//FERNANDO PESCIOTTA// Modelo econômico e mobilização



O ministro Fernando Haddad lançou no sábado, em São Paulo, seu livro “Capitalismo Superindustrial”.

É uma obra que retoma parte do trabalho acadêmico sobre a economia da União Soviética, com novos trechos que iluminam um debate criativo sobre a economia global a partir das revoluções no Leste Europeu e na Ásia que impactaram o mundo.

Com o novo livro Haddad busca apontar “caminhos diversos” para um capitalismo que “cria cada vez mais desigualdade”.

Haddad mostra coragem ao lançar um livro desse enquanto é o ministro responsável pela economia do Brasil. Ele mesmo brincou com isso dizendo que “é para lembrarem o que escrevi”, fazendo troça com o sociólogo Fernando Henrique Cardoso, que quando virou presidente pediu: “Esqueçam o que eu escrevi.”

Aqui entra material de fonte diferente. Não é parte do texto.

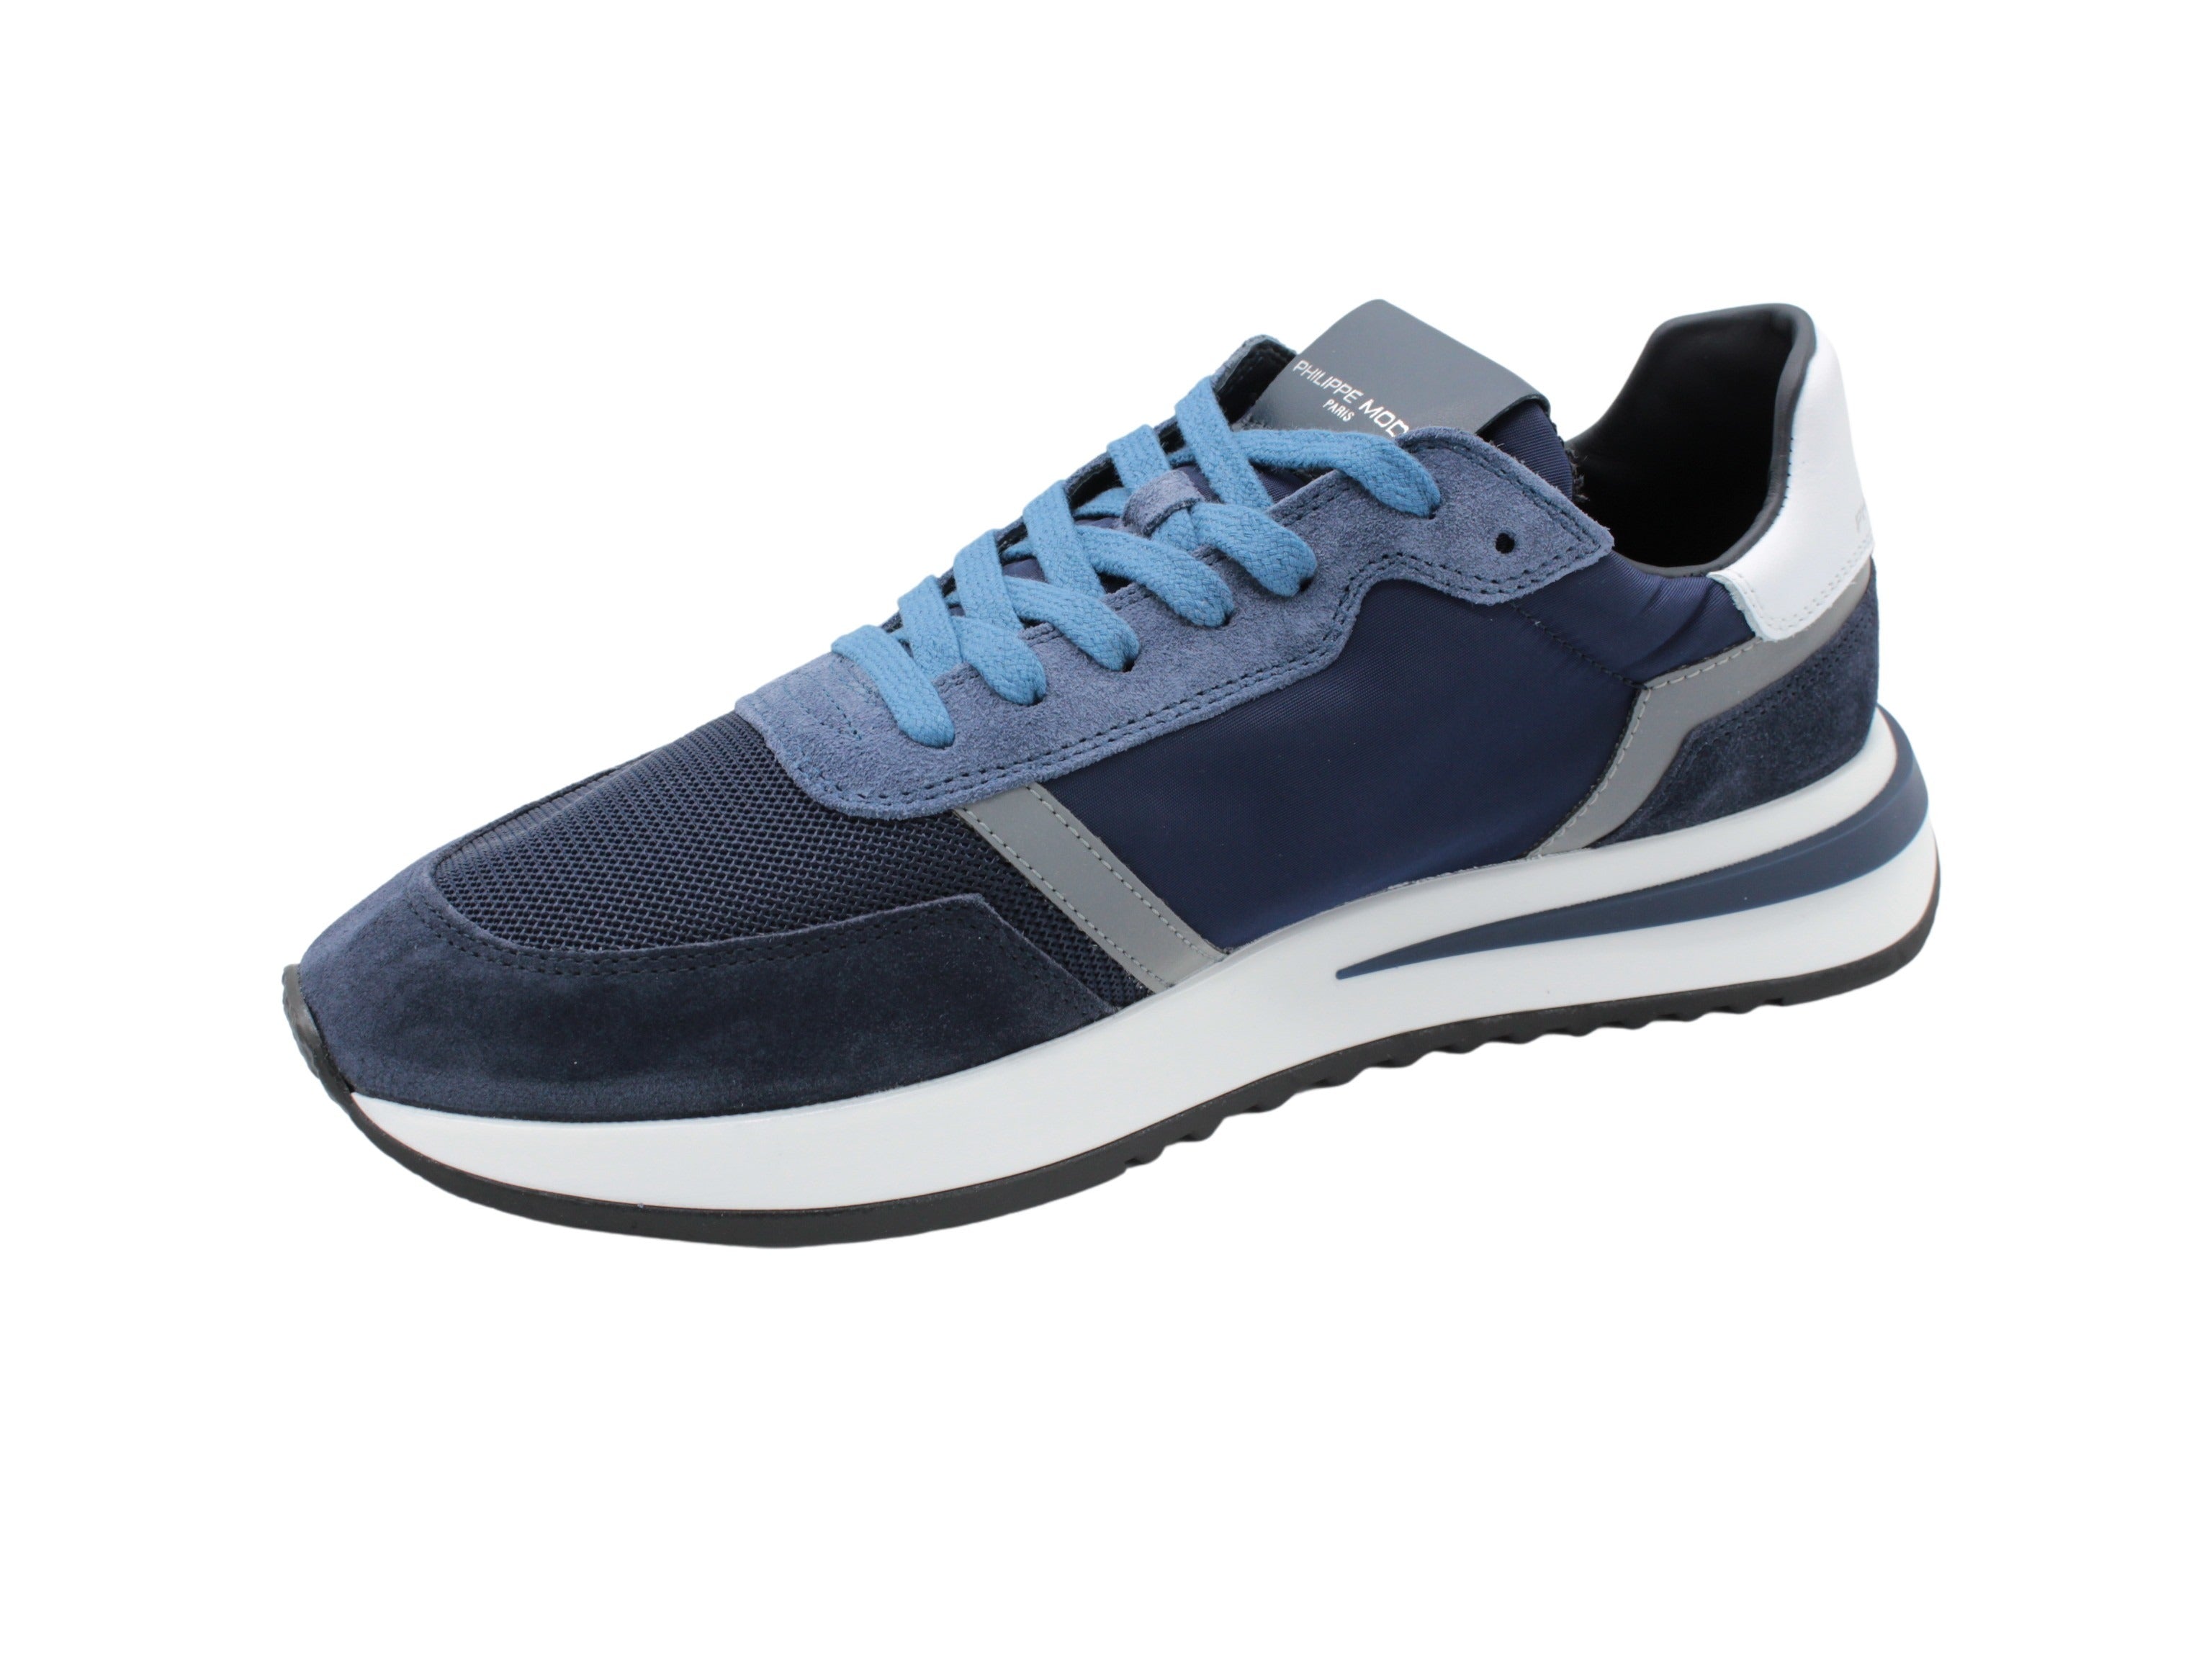 Tropez 2.1 Tyluw019 blue sneaker

Em evento no teatro do Sesc 14 Bis lotado, Haddad debateu o livro com o sociólogo Celso Rocha de Barros. Disse que o sistema capitalista é a cada dia mais agressivo, exigindo cada vez mais trabalho e velocidade nas entregas, levando a desgastes humanos que exigem uma revisão, sob risco de colapsos e muita infelicidade.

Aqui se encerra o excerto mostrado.